== Data to use ==

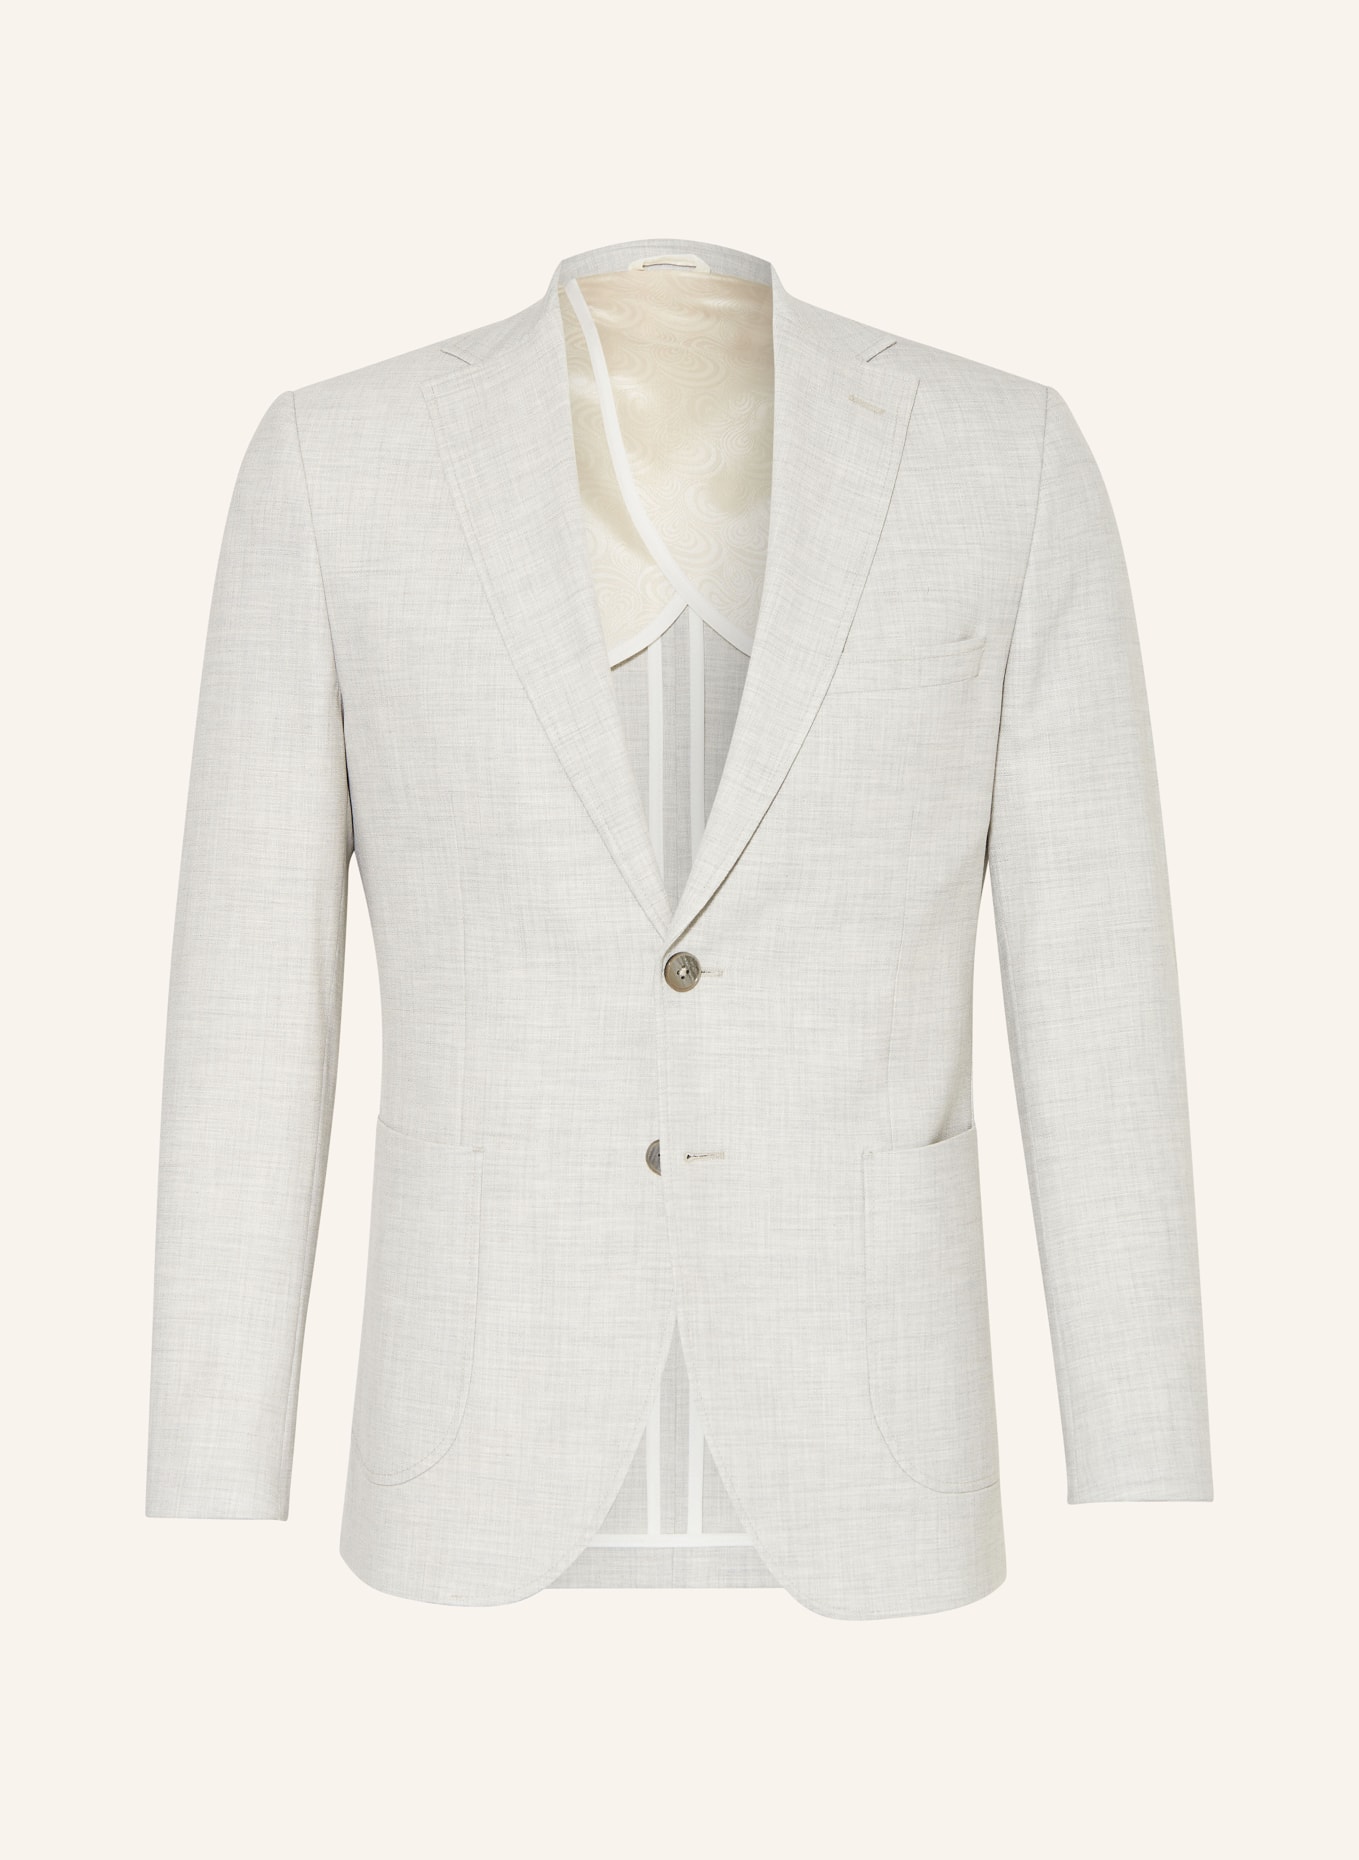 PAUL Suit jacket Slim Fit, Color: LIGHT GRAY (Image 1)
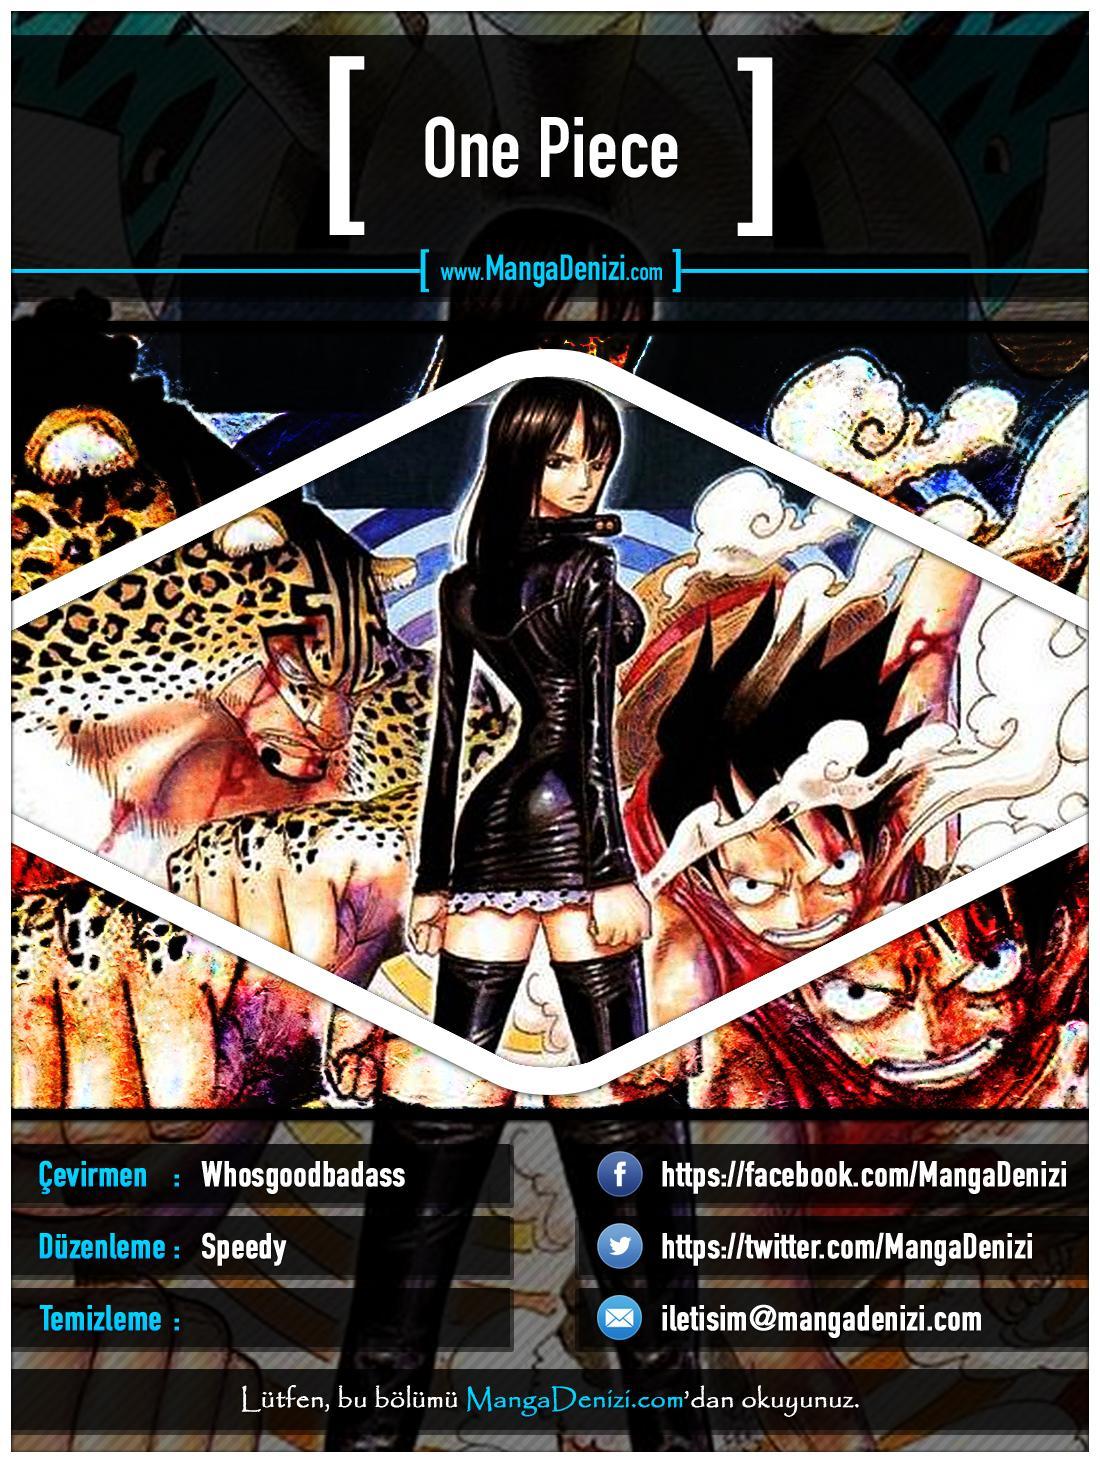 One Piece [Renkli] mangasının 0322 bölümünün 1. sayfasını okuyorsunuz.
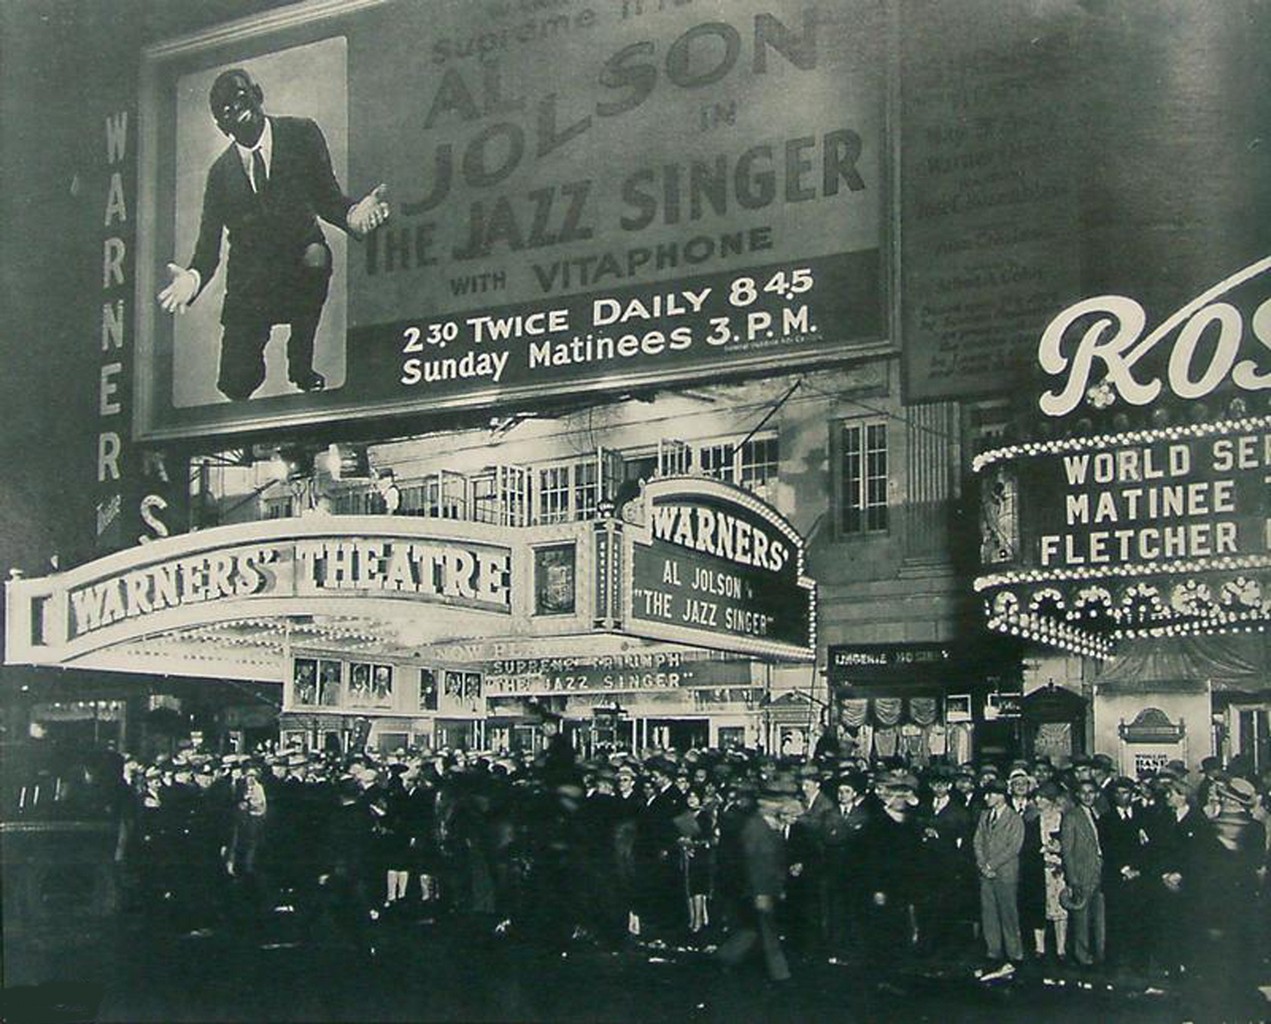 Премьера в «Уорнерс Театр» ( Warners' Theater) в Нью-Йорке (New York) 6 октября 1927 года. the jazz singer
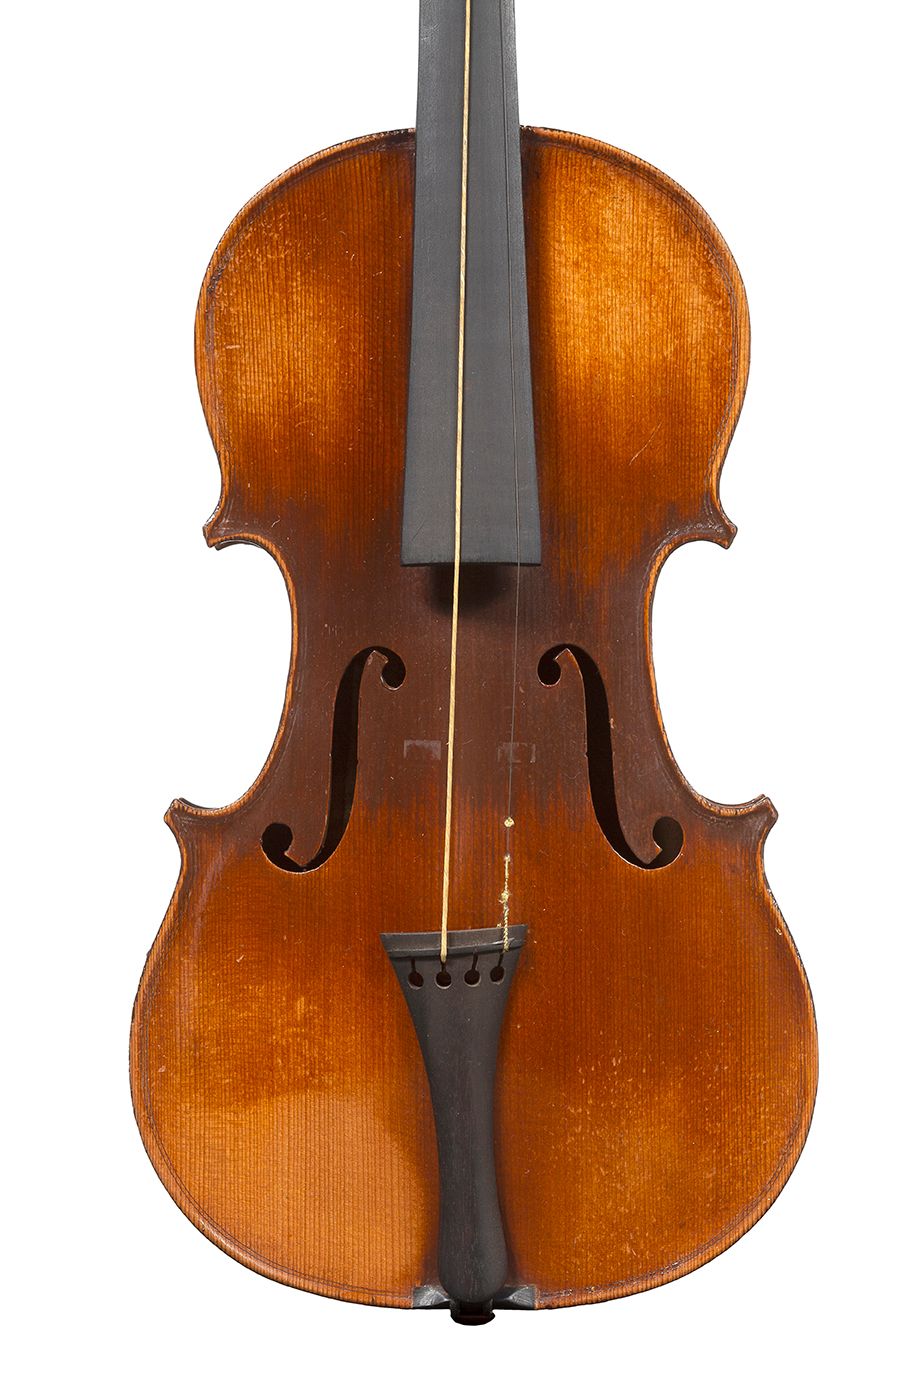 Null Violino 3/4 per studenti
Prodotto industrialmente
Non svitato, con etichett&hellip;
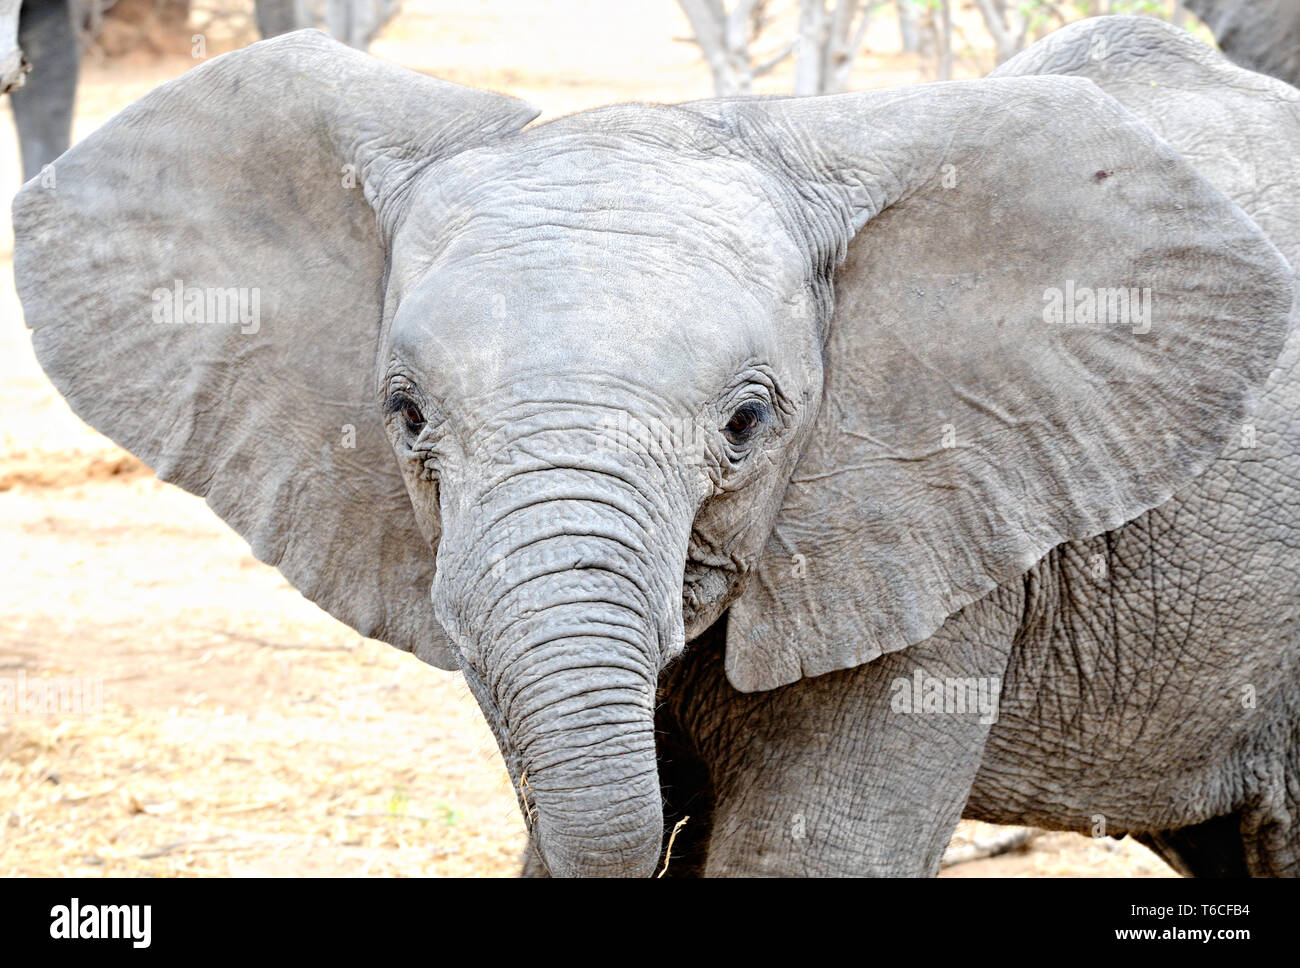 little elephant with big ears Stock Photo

===

Exercise instructions:
Your output should be the lines from the one with "Non svitato, con etichett&hellip;" through the end of the listing, copied exactly and with the pictures left out.

Solution:
Non svitato, con etichett&hellip;
 little elephant with big ears Stock Photo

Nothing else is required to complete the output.